Data Subset: Time Series¶

time_series(table, variable, dt1, dt2, lat1, lat2, lon1, lon2, depth1, depth2, interval=None)¶

Returns a subset of data according to the specified space-time constraints (dt1, dt2, lat1, lat2, lon1, lon2, depth1, depth2). The returned data subset is aggregated by time: at each time interval, the mean and standard deviation of the variable values within the space-time constraints are computed. The sequence of these values construct the timeseries. The timeseries data can be binned weekly, monthly, quarterly, or annually, if the interval parameter is set (this feature is not applicable to climatological datasets). The resulted timeseries is returned in the form of a Pandas dataframe ordered by time.

Parameters:

table: string: Table name (each dataset is stored in a table). A full list of table names can be found in Data Catalog.
variable: string: Variable short name which directly corresponds to a field name in the table. A subset of this variable is returned by this method according to the spatio-temporal cut parameters (below). A full list of variable short names can be found in Data Catalog.
dt1: string: Start date or datetime. This parameter sets the lower bound of the temporal cut. Example values: ‘2016-05-25’ or ‘2017-12-10 17:25:00’.
dt2: string: End date or datetime. This parameter sets the upper bound of the temporal cut. Example values: ‘2016-05-25’ or ‘2017-12-10 17:25:00’.
lat1: float: Start latitude [degree N]. This parameter sets the lower bound of the meridional cut. Note latitude ranges from -90° to 90°.
lat2: float: End latitude [degree N]. This parameter sets the upper bound of the meridional cut. Note latitude ranges from -90° to 90°.
lon1: float: Start longitude [degree E]. This parameter sets the lower bound of the zonal cut. Note longitude ranges from -180° to 180°.
lon2: float: End longitude [degree E]. This parameter sets the upper bound of the zonal cut. Note longitude ranges from -180° to 180°.
depth1: float: Start depth [m]. This parameter sets the lower bound of the vertical cut. Note depth is a positive number (it is 0 at the surface and increases towards the ocean floor).
depth2: float: End depth [m]. This parameter sets the upper bound of the vertical cut. Note depth is a positive number (it is 0 at the surface and increases towards the ocean floor).
interval: None or string, default: None: The timeseries bin size. If None, the native dataset time resolution is used as the bin size. Below is a list of interval values for other binning options: - ‘w’ or ‘week’ for weekly timeseries. - ‘m’ or ‘month’ for monthly timeseries. - ‘s’ or ‘q’ for seasonal/quarterly timeseries. - ‘a’ or ‘y’ for annual/yearly timeseries.

Returns:

Pandas dataframe.

Example 1:

This example retrieves the timeseries of SiO4 measurements conducted by HOT team at University of Hawaii, spanning from 1988 to 2016.

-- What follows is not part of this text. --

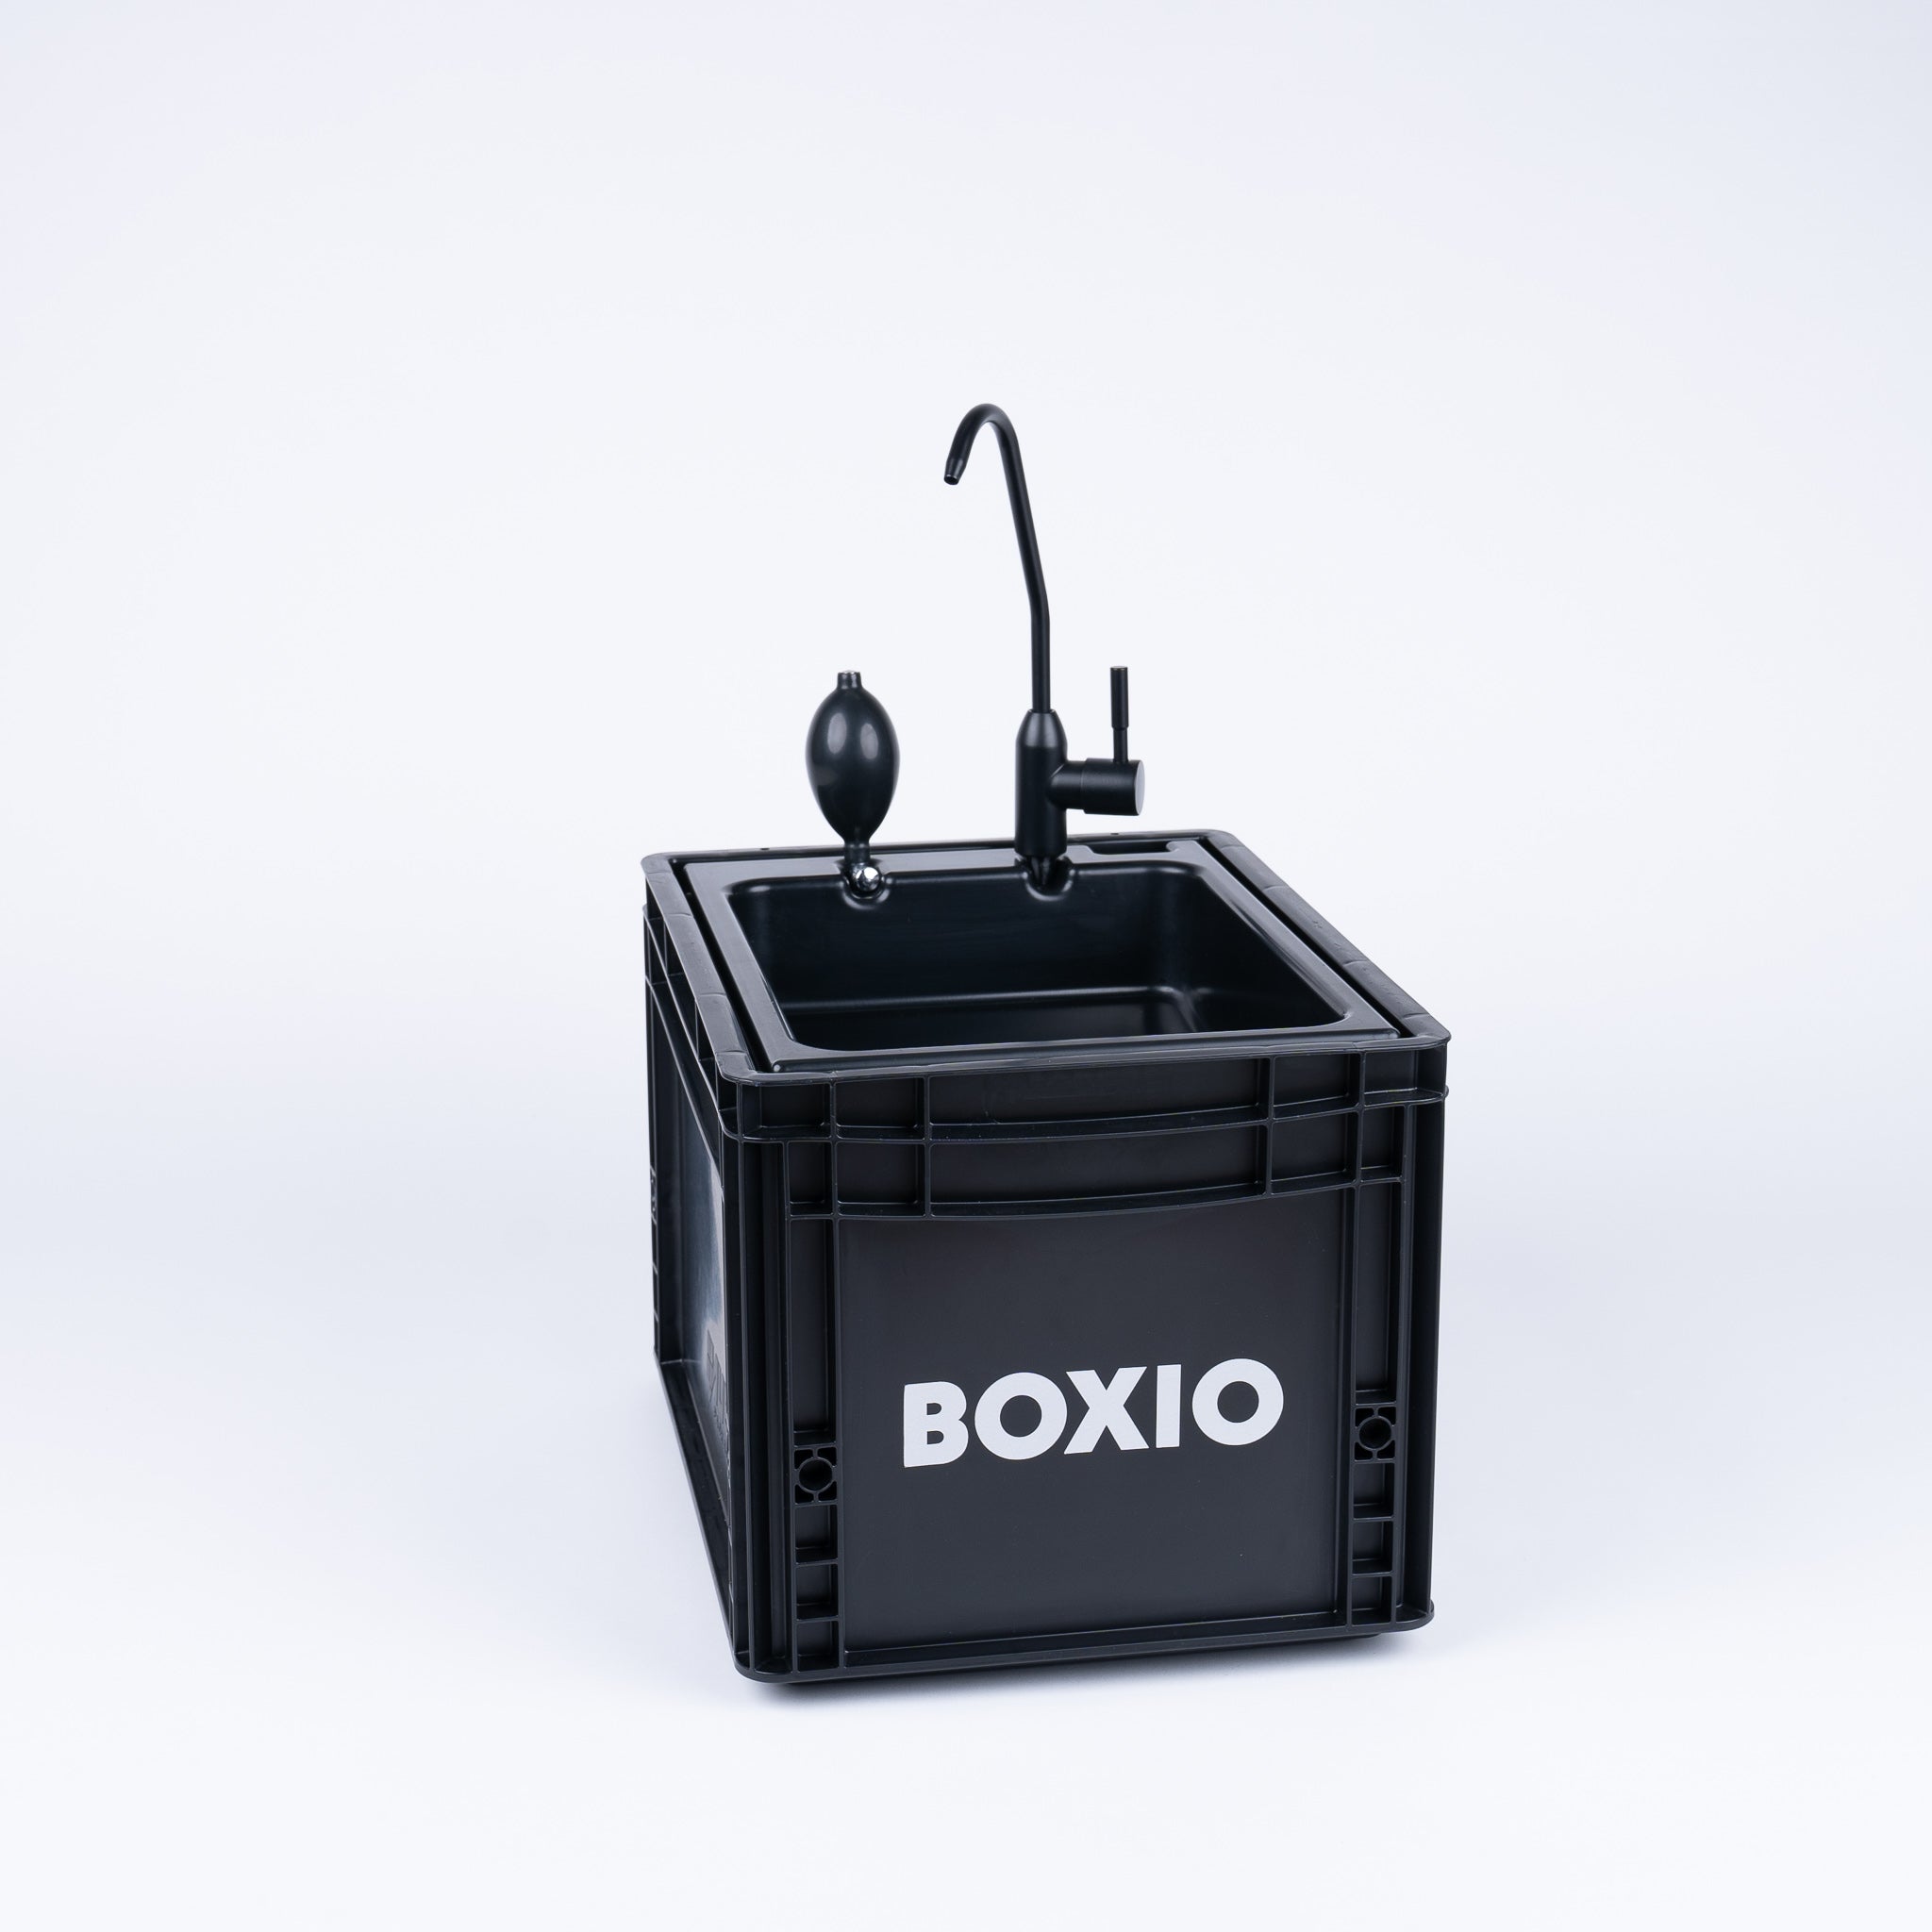 BOXIO SANITARY - Complete set met urineverwijderend toilet, mobiele wastafel en accessoires

#!pip install pycmap -q     #uncomment to install pycmap, if necessary

import pycmap

api = pycmap.API(token='<YOUR_API_KEY>')
api.time_series(
               table='tblHOT_Bottle',
               variable='SiO4_bottle_hot',
               dt1='1988-12-01',
               dt2='2016-10-15',
               lat1=22,
               lat2=23,
               lon1=-159,
               lon2=-157,
               depth1=0,
               depth2=0
               )

Example 2:

This example retrieves a 24-year long timeseries of absolute dynamic topography (closely related to sea surface height) measured by satellite. Note depth1 and depth2 values are automatically ignored because this is a surface dataset. The ‘interval’ parameter (line 24) has ‘y’ indicating yearly binning (inter-annual timeseres). This example takes a few moments to run as the altimetry dataset is very large (multi-decade daily-global remote sensing). The last few lines of code (lines 28-32) make a simple plot to visualize the retrieved data.

#!pip install pycmap -q     #uncomment to install pycmap, if necessary

%matplotlib inline
import matplotlib.pyplot as plt
import numpy as np
import pycmap




api = pycmap.API(token='<YOUR_API_KEY>')
table, variable = 'tblAltimetry_REP', 'adt'
df = api.time_series(
                   table=table,
                   variable=variable,
                   dt1='1994-01-01',
                   dt2='2017-12-31',
                   lat1=30,
                   lat2=32,
                   lon1=-160,
                   lon2=-158,
                   depth1=0,
                   depth2=0,
                   interval='y'
                   )


plt.errorbar(df['year'], df['adt'], yerr=df['adt_std'], fmt='ob', capsize=3, alpha=0.4)
plt.fill_between(df['year'], df['adt']-df['adt_std'], df['adt']+df['adt_std'], color='gray', alpha=0.2)
plt.xlabel('Year')
plt.ylabel(api.get_var_long_name(table, variable) + api.get_unit(table, variable))
plt.show()

SQL Statement

Here is how to achieve the same results using a direct SQL statement. Please refer to Query for more information.

EXEC uspTimeSeries 'tableName', 'variable', 'dt1', 'dt2', 'lat1', 'lat2', 'lon1', 'lon2', 'depth1', 'depth2'

Examples (different intervals):

EXEC uspTimeSeries 'tblsst_AVHRR_OI_NRT', 'sst', '2016-01-01', '2016-12-31', '20', '25', '-160', '-158', '0', '0'

EXEC uspWeekly 'tblsst_AVHRR_OI_NRT', 'sst', '2016-01-01', '2016-12-31', '20', '25', '-160', '-158', '0', '0'

EXEC uspMonthly 'tblsst_AVHRR_OI_NRT', 'sst', '2016-01-01', '2016-12-31', '20', '25', '-160', '-158', '0', '0'

EXEC uspQuarterly 'tblsst_AVHRR_OI_NRT', 'sst', '2016-01-01', '2016-12-31', '20', '25', '-160', '-158', '0', '0'

EXEC uspAnnual 'tblsst_AVHRR_OI_NRT', 'sst', '2015-01-01', '2018-12-31', '20', '25', '-160', '-158', '0', '0'